Величественные развалины могут быть только у величественных сооружений.
Ярмарка в Брно. Директор советской экспозиции Николай Семёнович Иванов в 1945 году бывал в Брно в составе 4-го Украинского фронта и в городе Поличка в День Победы, надо полагать случайно, сфотографировался с Брежневым. С гордостью показывал мне фотографию. Дом очень нарядный, весь стол уставлен едой, огромные бутылки, полагаю, что с самогоном. Брежнев — красавец, сердцеед и жизнелюб — стоит со стаканом в руках совершенно счастливый.
Белое вино крепостью 9–12 градусов нужно охлаждать и нельзя доливать в бокалы, если они не выпиты до конца. Красное вино должно иметь температуру помещения, и доливать его можно.
Чешские мелодии аморфны, пассивны, огня в них нет. Чехи были бы великими музыкантами, если бы не относились к своей музыке так серьёзно. С юмором у них вообще плохо. Несмотря на то что они дали миру Гашека и Чапека, им всё-таки не хватает ровного, спокойного чувства юмора. Самые любимые анекдоты — про жопу.
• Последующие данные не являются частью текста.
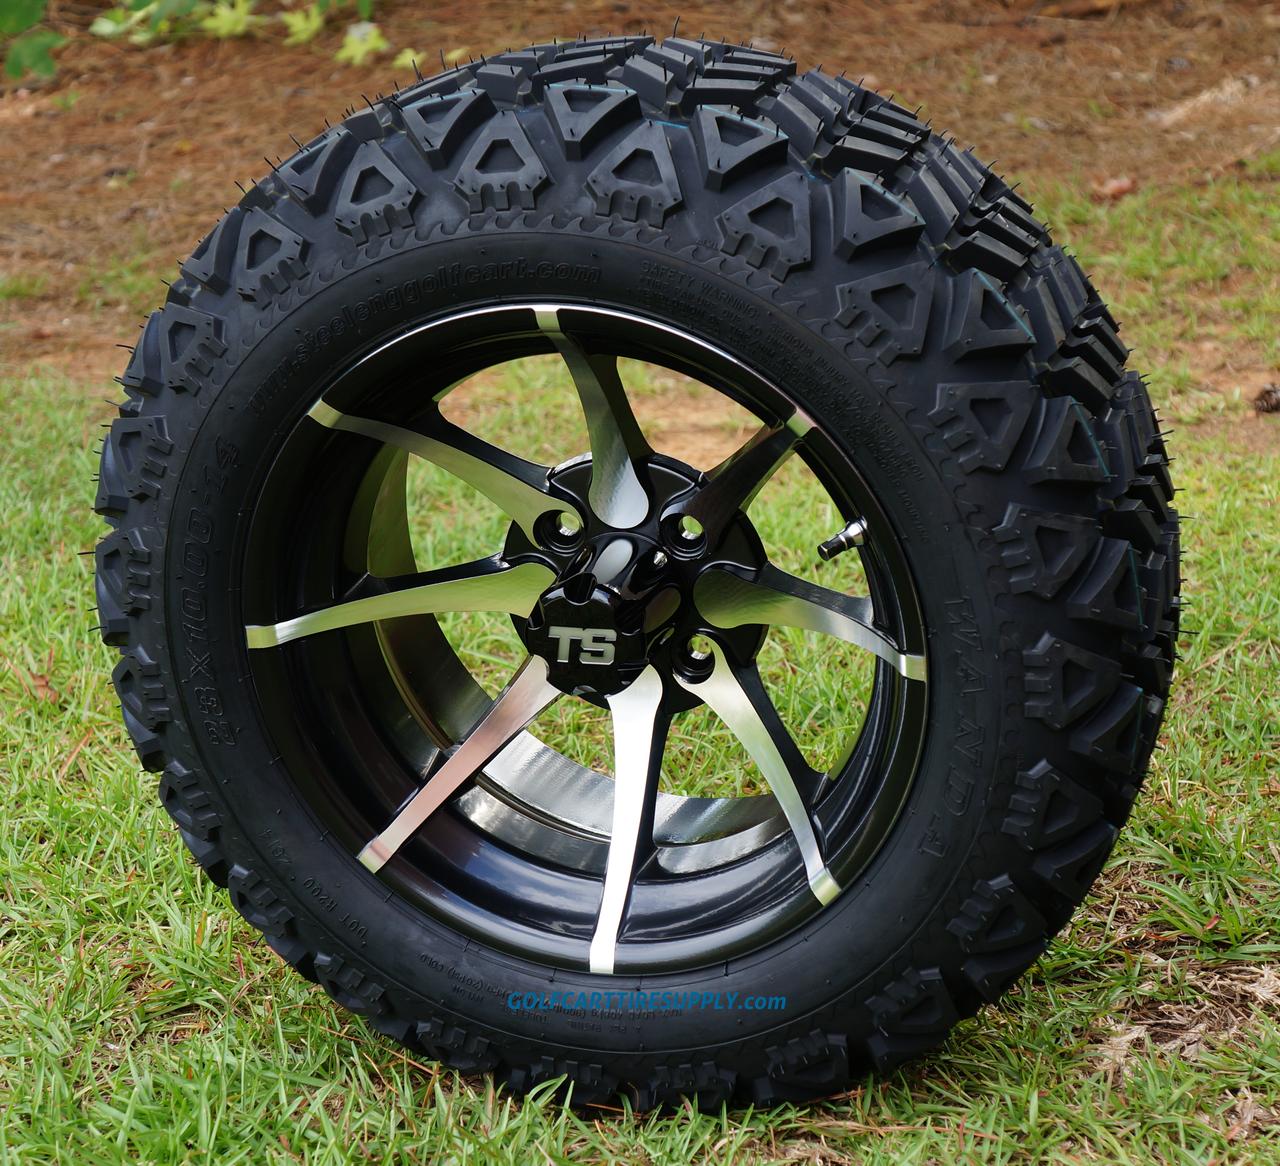 10 Inch Wheels For Golf Cart : Quot kraken golf cart wheels and wanda all terrain

Сидим в пресс-центре ярмарки с Отто Лацисом[175], спецкором «Известий». Посередине большого круглого стола навалена целая куча проспектов, буклетов, конвертов. Лениво перебирая их, обнаруживаю в распечатанном конверте довольно увесистую пачку 100-кроновых купюр. Никакого адреса на конверте нет. Вопросительно смотрим с Отто друг на друга…
Над Брно — гора, на горе — ресторан, который знаменит тем, что там изо дня в день, из года в год горят огромные свечи, оплывая уже лет 150. Хорошо бы навестить… Но, с другой стороны, это же пресс-центр, это же кто-нибудь из братьев-журналистов потерял… Решаем отдать деньги старушенции за справочной стойкой…
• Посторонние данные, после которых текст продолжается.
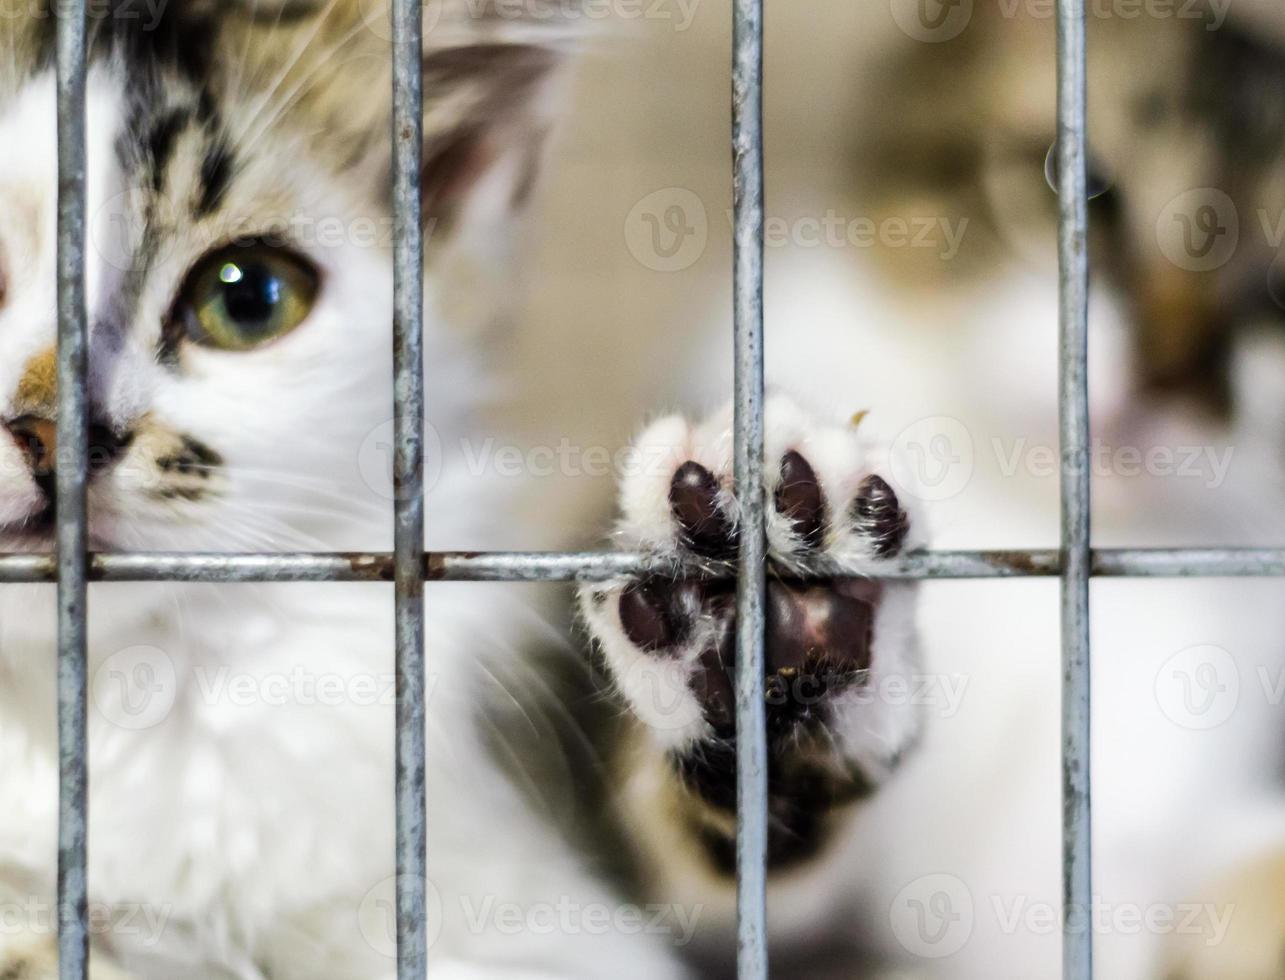 kittens in een kooi foto

На следующий день случайно захожу в пресс-центр, а старушенция на ломаном русском кричит:
— Погодите! Не уходите! Этот господин хочет поблагодарить вас за деньги, которые вы нашли…
Навстречу мне, улыбаясь, движется огромный негр, весь перемотанный в какие-то блестящие зелёные шелка, в чалме, посередине лба — изумруд чуть ли не с кулак, и радостно жмёт мне руку. Потом мне сказали, что это какой-то африканский император. У него этих крон, что грязи…
Музей Менделя[176] в монастыре. Был поражён скромностью масштабов его исследований. Свои исторические опыты по гибридизации гороха он проводил буквально на двух грядочках.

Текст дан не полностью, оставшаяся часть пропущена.